Git Product home page Git Product logo

Comments (12)

matt-dray avatar matt-dray commented on June 30, 2024 2

Some thoughts:

  1. No two RAP journeys are the same. Sure, packrat may suck for a behemoth publication, but it's probably okay for helping publish a few RAPped tables or a very short doc with few package requirements.
  2. The 'packrat problem' can be helped (but not solved) by following the tinyverse approach as per #81.
  3. With R in mind, what other non-Docker solutions do we have? miniCRAN as per #84, but should we be thinking about RStudio package manager?
  4. As we all know, RAP is language- and tooling-agnostic and the companion can't provide total coverage of these. This might mean an explanation for some approaches (e.g. packrat for R or virtualenv and requirements.txt for Python) but a tutorial or how-to on the One True Way (e.g. Docker) – emphasised words as per the Divio blog.

from rap-website.

mammykins avatar mammykins commented on June 30, 2024 2

On @RobinL final point, reducing package dependencies also reduces the maintenance of dependencies and their future security vulnerabilities yet to be discovered. Some strategies are discussed here: https://gds-way.cloudapps.digital/standards/tracking-dependencies.html

This may or may not be an issue depending on the context of the specific RAP use case.

from rap-website.

mammykins avatar mammykins commented on June 30, 2024 2

Also, there is a rung up on the ladder from no dependency management before you get to packrat and docker:
devtools::session_info()

from rap-website.

alexander-newton avatar alexander-newton commented on June 30, 2024 1

CRAN only publishes binary packages for the 'current' version of a particular package, so once you attempt to install an older version of a package (as you might do if you've frozen the R package dependencies for a project, and attempt to transfer that project to a separate machine) you'll need to install from sources, which requires build tools.

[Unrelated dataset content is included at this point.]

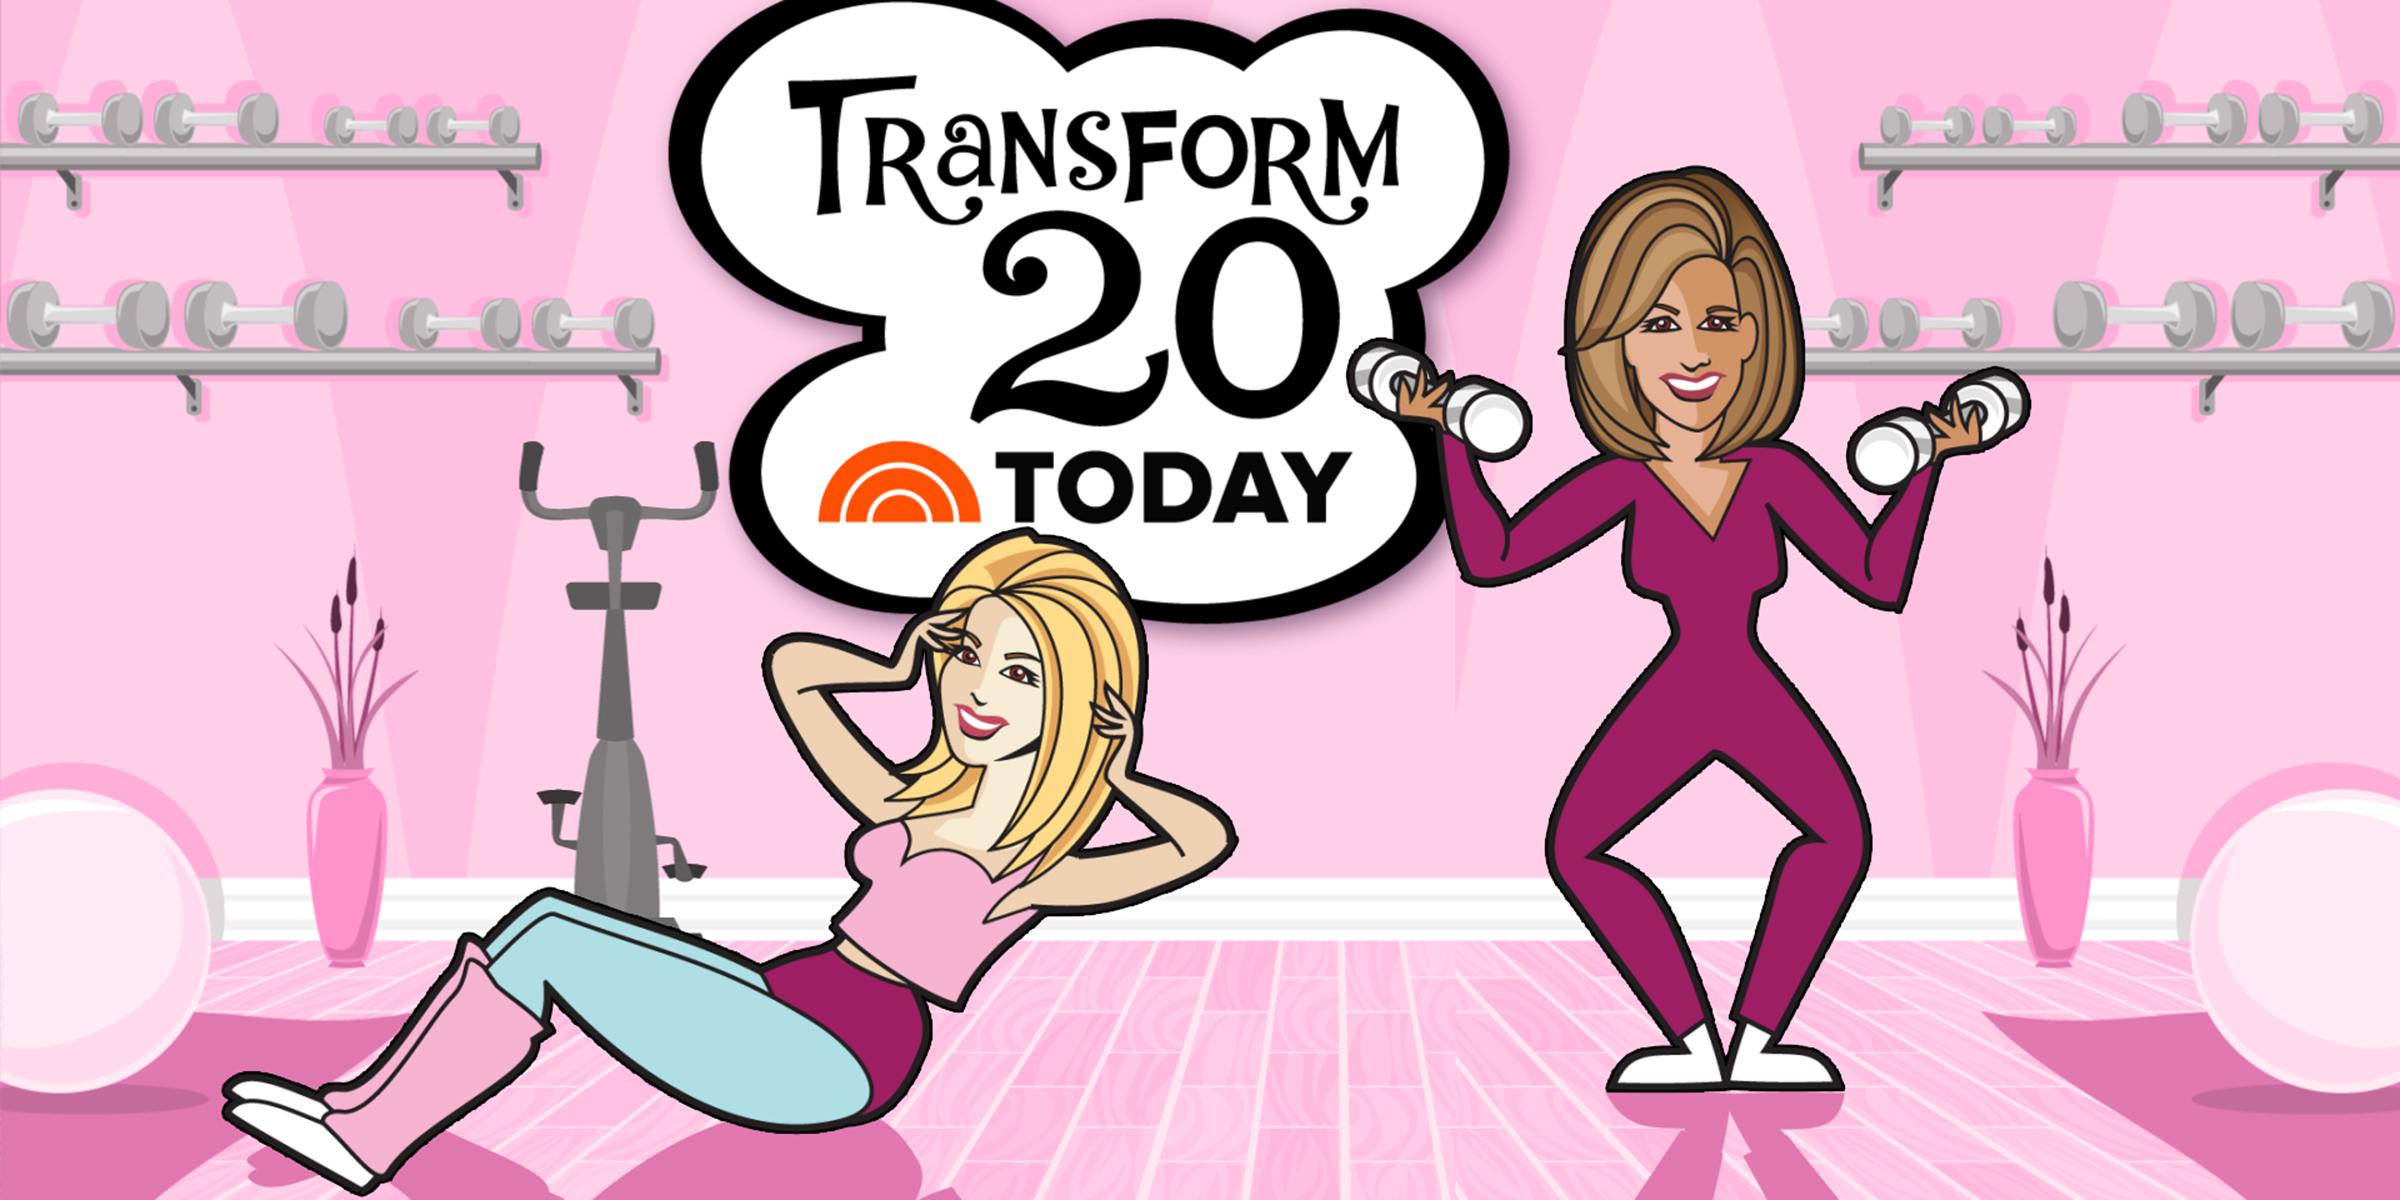 Transform 20: Beachbody trainer Shaun T's new fitness program
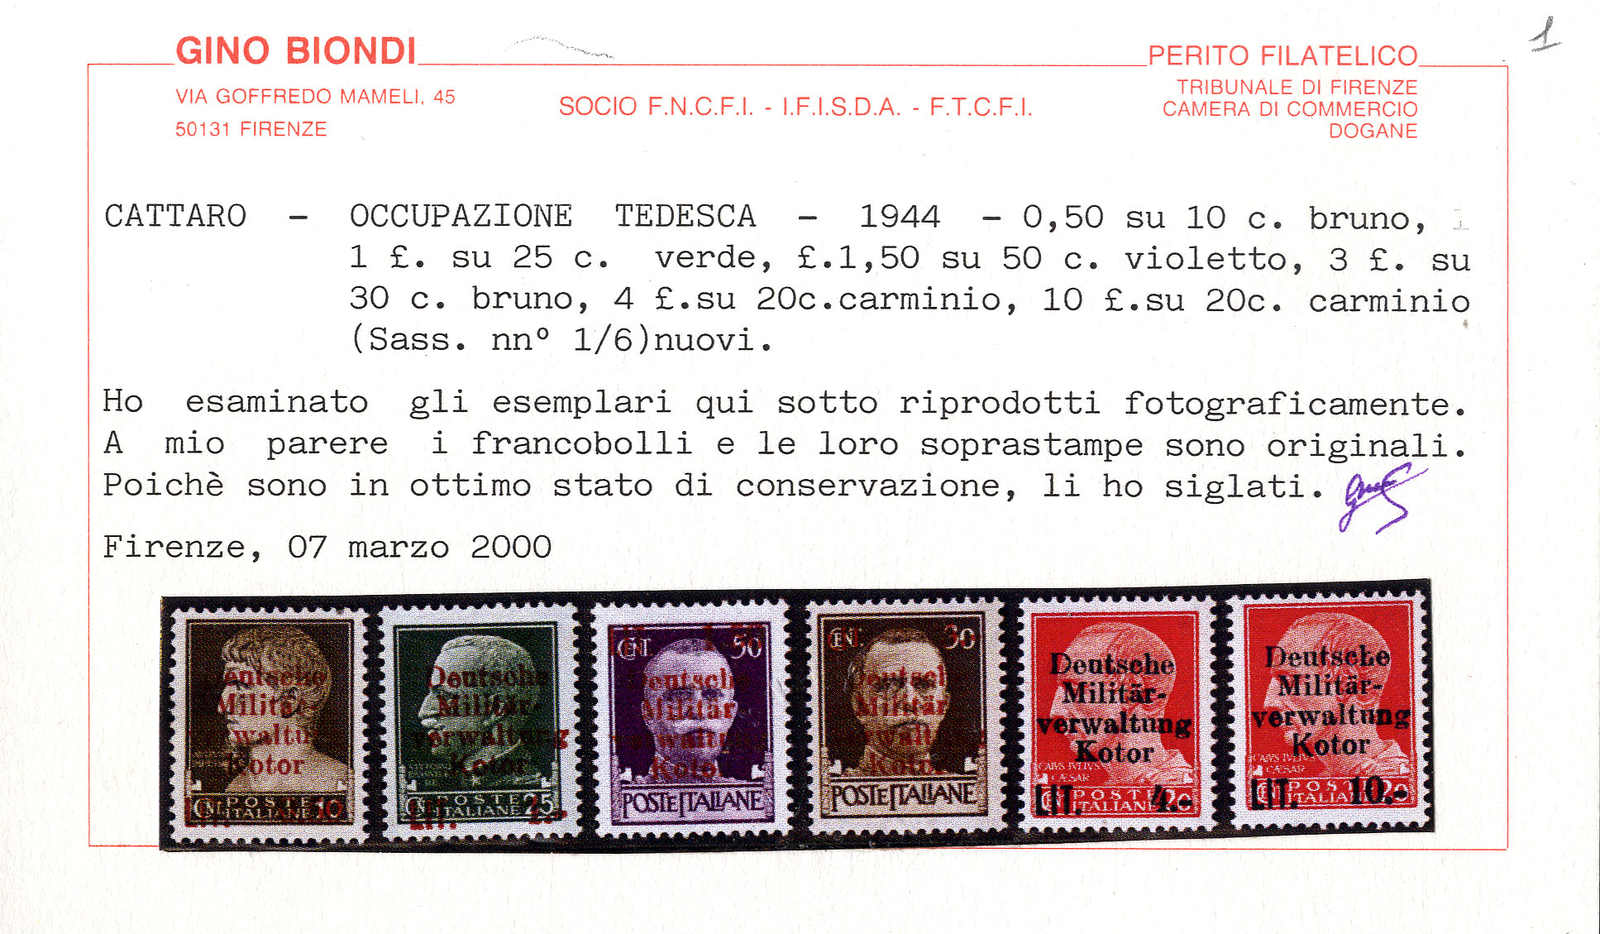 Lot 3052 - germany German Occupation II. Worldwar Kotor -  Viennafil Auktionen 63rd LIVE AUCTION

Packrat could potentially download and store package binaries within a project for re-use, but unfortunately this is not done right now.

This is all fine and well on personal machines, but usually build tools are locked down on government systems (for good reason!) As a result it can be impossible to return to older states.

from rap-website.

TimTaylor avatar TimTaylor commented on June 30, 2024 1

I've only used packrat a couple of times and always found it a bit clunky but did manage to get it working on quite a locked down machine. Similarly I've only used docker a couple of times but for true reproducibility saving the final image somewhere is probably easiest. I think a lot of it comes down to proportionality (e.g. for the rap companion I think using packrat or docker is overkill anyway but appreciate for rap projects it may be of greater benefit). We have done a piece of work where we combined a dockerfile with a packrat collection, but the packrat file is so massive I'm unconvinced of the benefit versus just saving the resultant image. Perhaps someone who has thought about it more will chip in.

from rap-website.

RobinL avatar RobinL commented on June 30, 2024 1

TL;DR: Docker (or equivalent) is probably the most robust tool for reproducibility if used correctly. However, it's also frequently unavailable, easy to use incorrectly, and difficult to understand for less technical colleagues. If you have control over your environment, packrat is probably the easiest tool to gain reproducibility. The best solution may be a combination of Docker and packrat, with the user doing dependency management in packrat, and reproducibility coming from the fact their R Studio environment is running in a Dockerised container (they don't need to know about this). Another possible solution is just to force users to use a specific dockerised R Studio with no ability to install new packages.

More details

Our objective is to be able to return to an old project or run someone else's project and get the same result. Overall, I've found no workflow that is quick and easy. Various solutions work but are quite technical (less technical users find them confusing, time consuming, or both.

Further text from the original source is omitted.